An important quality of the CDC verification tool is that it must overcome the challenges of designing and verifying large multicore designs. Because flat, top-level CDC verification is impractical, the tool must have the capability to partition the design, verify the blocks independently, and then put them all together again and verify the design as a whole. Having this hierarchical capability in the CDC tool eliminates the capacity bottleneck, which is essential for a multicore, billion-gate design.
In developing the methodology, a strong candidate for the tool of choice was the Mentor Graphics’ Questa CDC verification tool. It establishes a hierarchical flow that allowed verification of IP from anywhere in the world. It also is able to interpret the input constraints and the design so it could output hierarchical control files. These were essentially gray boxes; in other words, black boxes with enough information about inputs and outputs to run CDC verification at the interfaces after combining the blocks in the SoC. The gray-box models capture relevant clock domain information for the ports of the IP required for checking connectivity between blocks. The tool ignores the internals of blocks. IP block designers are responsible for intra-block CDC path verification. The resulting top-level verification is fast and produces a manageable number of CDC reports to review.

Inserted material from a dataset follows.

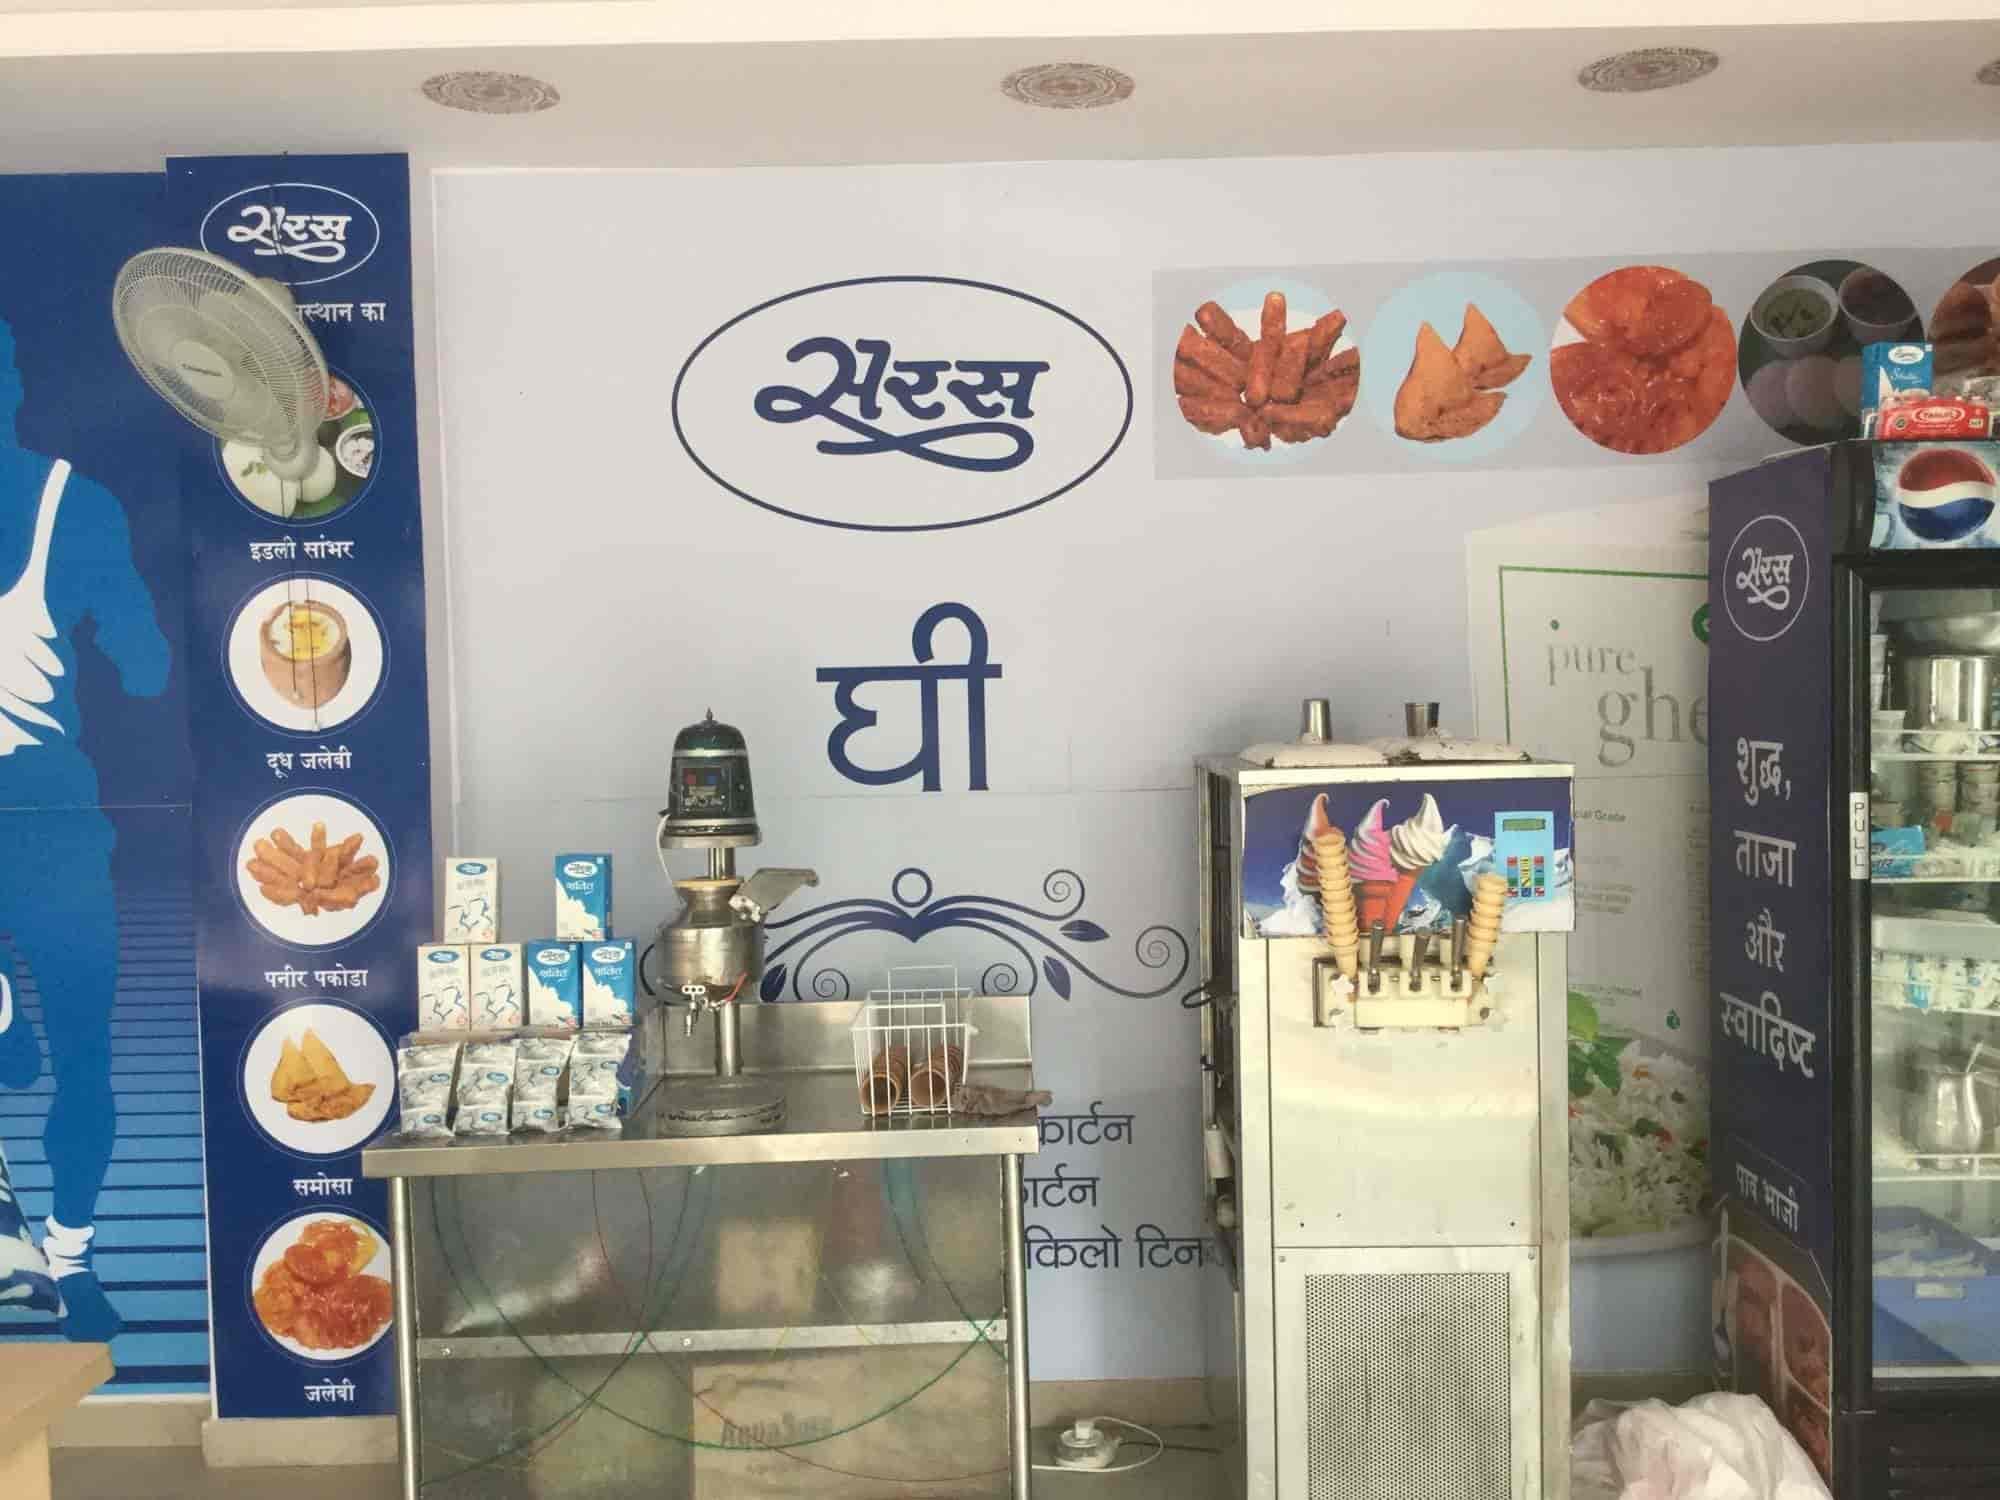 SARAS Parlour, Vaishali Nagar - Milk Dairy in Jaipur - Justdial
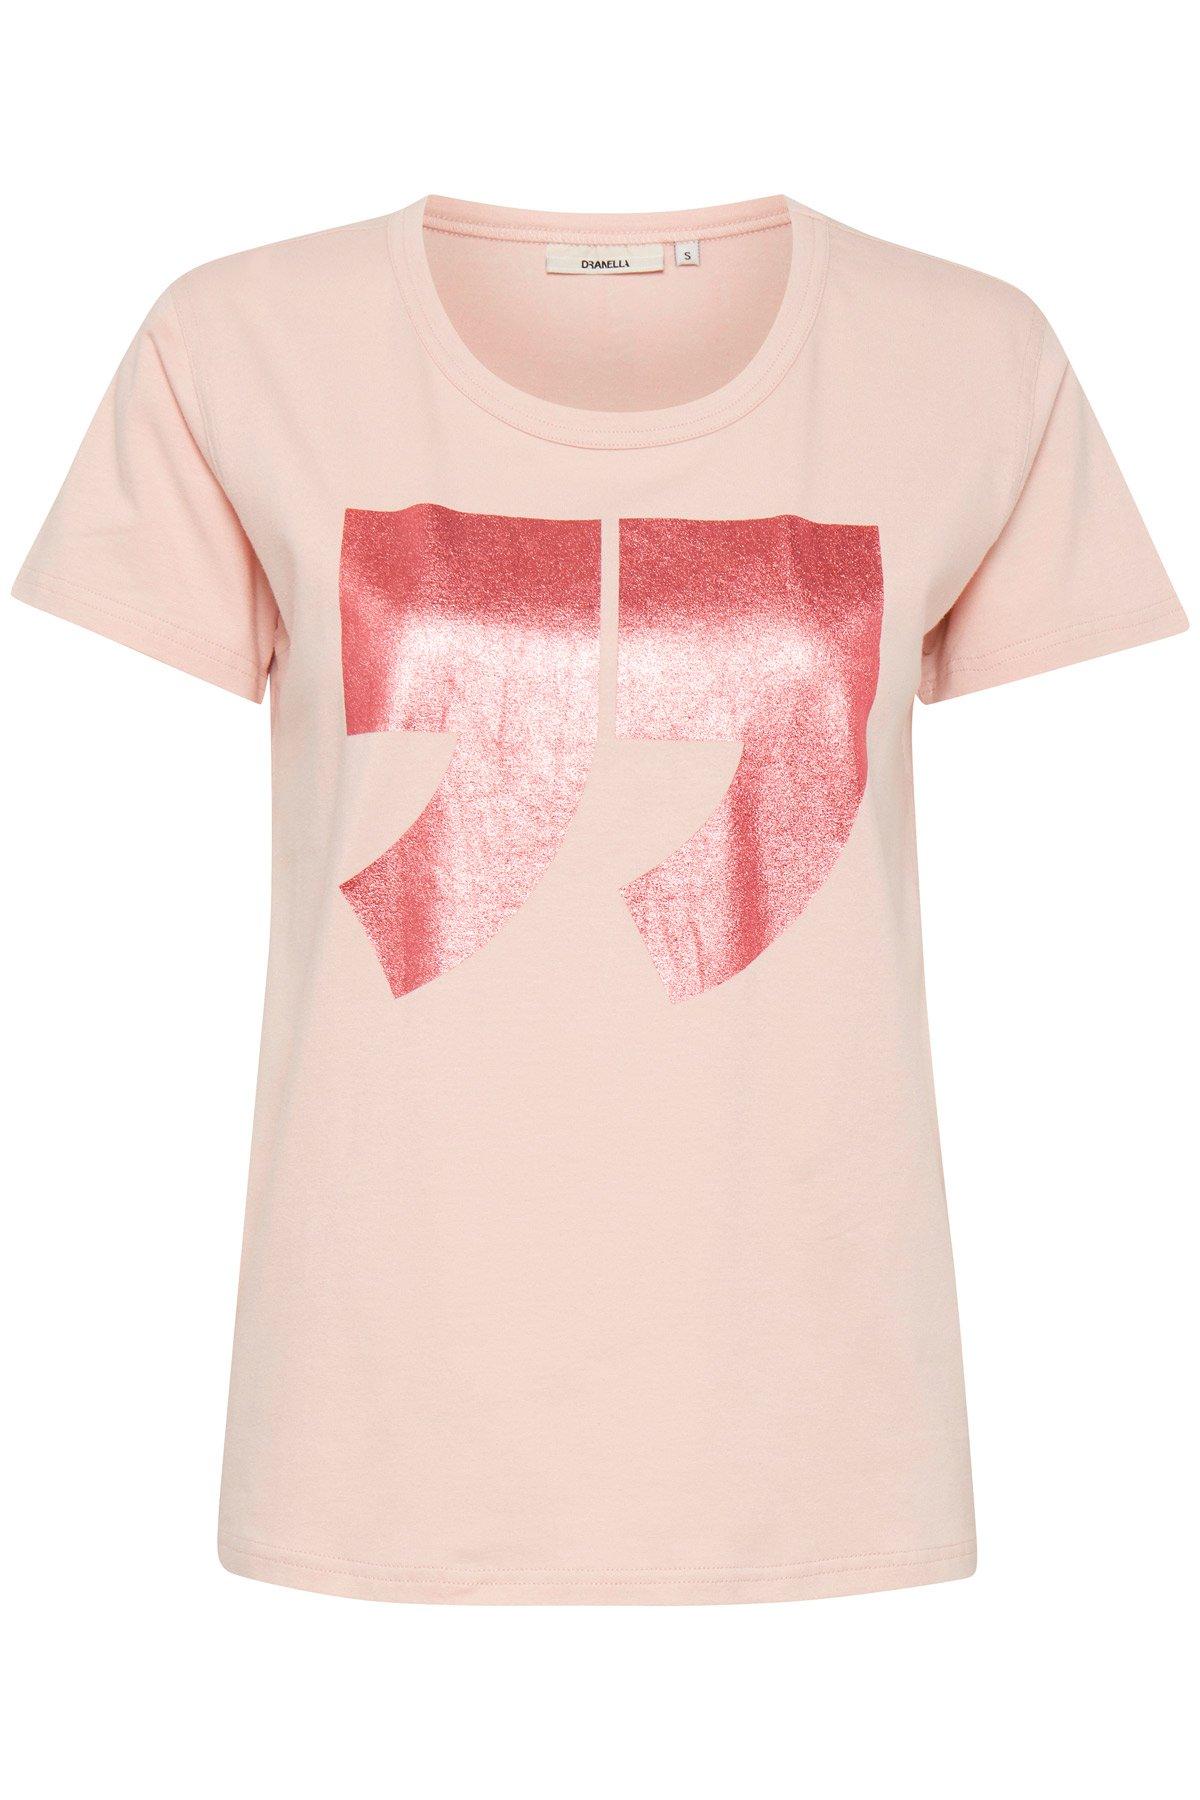 Rosa/pink Kortærmet T-shirt fra Dranella – Køb Rosa/pink Kortærmet T-shirt fra str. XS-XXL her

An Example For Illustration
Consider the example of an APU design that includes the CPU, GPU, DDR PHY, and PCI PHY domains. Each domain is further classified into different blocks. Typically, the CPU and DDR PHY comprise one chip and the GPU and PCI PHY comprise another. The APU, however, combines all of them.
The purpose of the exercise was to determine how many blocks to expect in an ordinary APU design so we could sense how big the design would be. The design size of a typical APU is more than one billion transistors. This particular design had more than 60 clock domains, twelve gray-box blocks (these are the hierarchical blocks), and more than 15,000 custom synchronization cells.
After dividing the entire design into the twelve blocks, we ran CDC verification. The Questa CDC tool generated a hierarchical control file, and then we pushed verification up to the SoC level. The results showed the CDC tool gave very good coverage and proved very productive at finding issues at the block, IP, and system levels.
Finally, we checked for potential CDC problems that remain because of unavoidable holes in static CDC verification at the register-transfer level. These are common pitfalls because many teams assume completion of CDC verification at RTL. However, one cannot analyze some CDC issues until after gate-level synthesis. Chief among these are design elements that have asynchronous interfaces added at the gate level; RTL for custom macros and analog blocks that is not available for RTL CDC verification; deadlock scenarios; and, differences between CDC tool synthesis results and actual RTL synthesis results.
As expected, when we ran gate-level CDC verification, we found a few bugs related to these common pitfalls. The results emphasize that it is not good enough to run CDC only at the RTL. Be sure to run CDC at the gate level.
Fully and accurately verifying the CDCs of very large, multicore designs requires a standardized methodology. Such standardization requires a CDC verification tool that is capable of partitioned verification. The tool must support different design styles and different synchronization styles at the block level, and it must be able to piece together everything at the top level for full-chip verification. Finally, one must run CDC verification at the gate level to plug any holes in CDC verification at RTL. Complete and accurate CDC verification is critical: a small error will have serious consequences that may cost millions of dollars. Only by establishing the right methodology and selecting the right tool can global design teams be certain their multicore designs are truly CDC-clean.